Каждый год в преддверии одного из главных праздников в семье Лидс – Пасхи – Филипп с детьми навещал могилу жены. Это было совершенно особенное событие, происходившее, подобно сложному религиозному обряду, лишь раз в год. На этот счет у Филиппа тоже имелась теория: он полагал, что делать это чаще не имеет смысла; больше, чем забвения для Софии, он боялся только излишнего уныния – одного из семи смертных грехов, в который всегда впадали дети, навещая ее последнее пристанище.

Но он ошибался – теория не работала.

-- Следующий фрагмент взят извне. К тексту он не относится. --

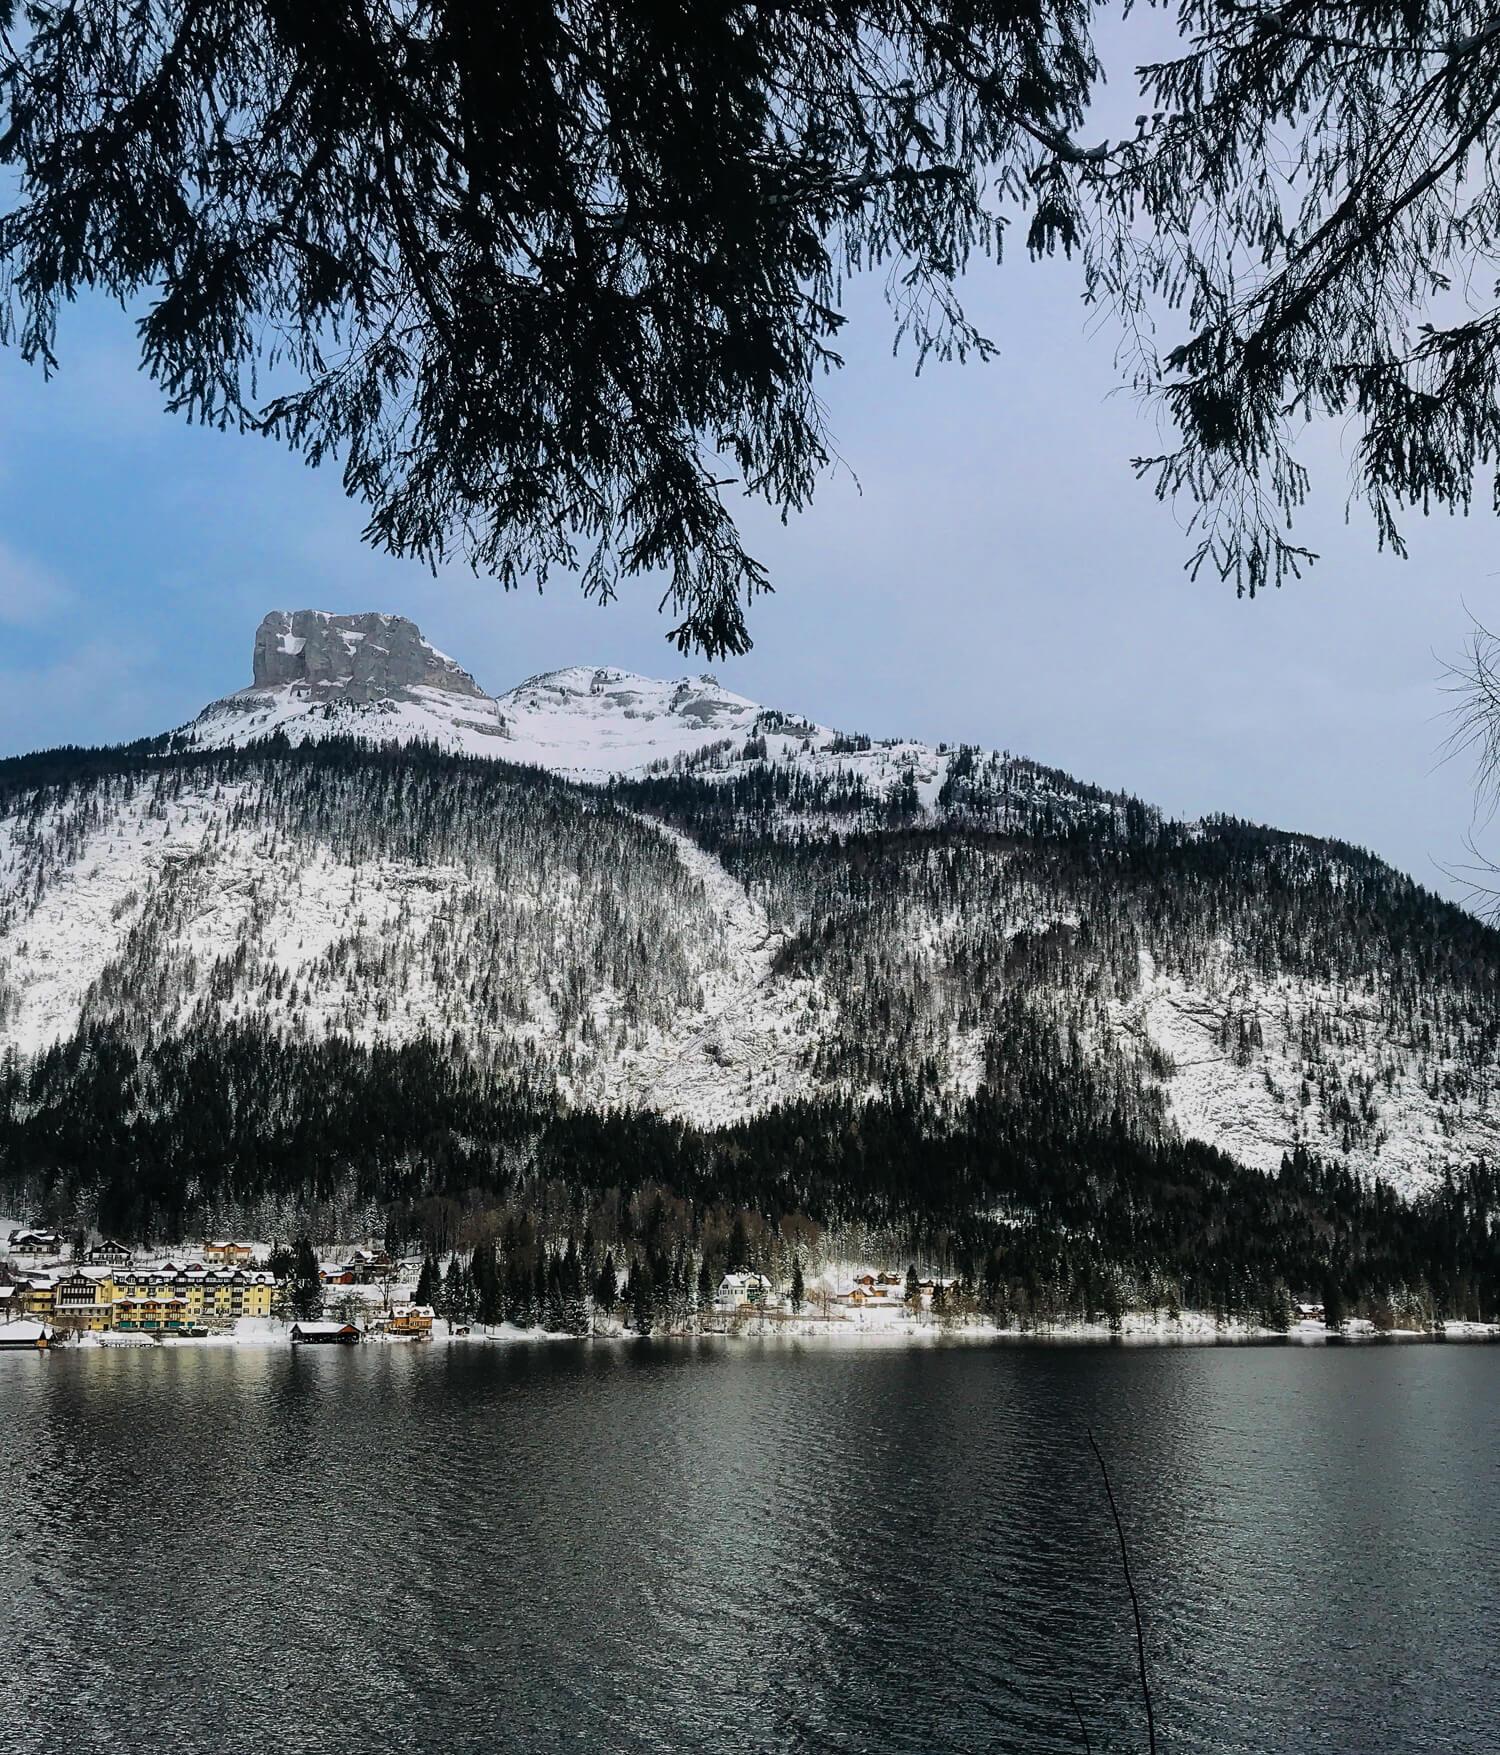 Loser vom Altauseer See

Грейс скорбела о матери каждый день и каждую ночь, буквально тосковала, придумывая все новые истории, что царапались внутри нее своей невоплотимостью. Как можно настолько нуждаться в человеке, которого никогда не знал? Однако чем старше она становилась, тем сильнее разрасталось, ширилось это чувство – смертельной тоски по неизведанному, но такому желанному, и тем сильнее ей хотелось иметь рядом с собой ту, кто мог бы ответить на вопросы, ответов на которые не знали ни брат, ни отец.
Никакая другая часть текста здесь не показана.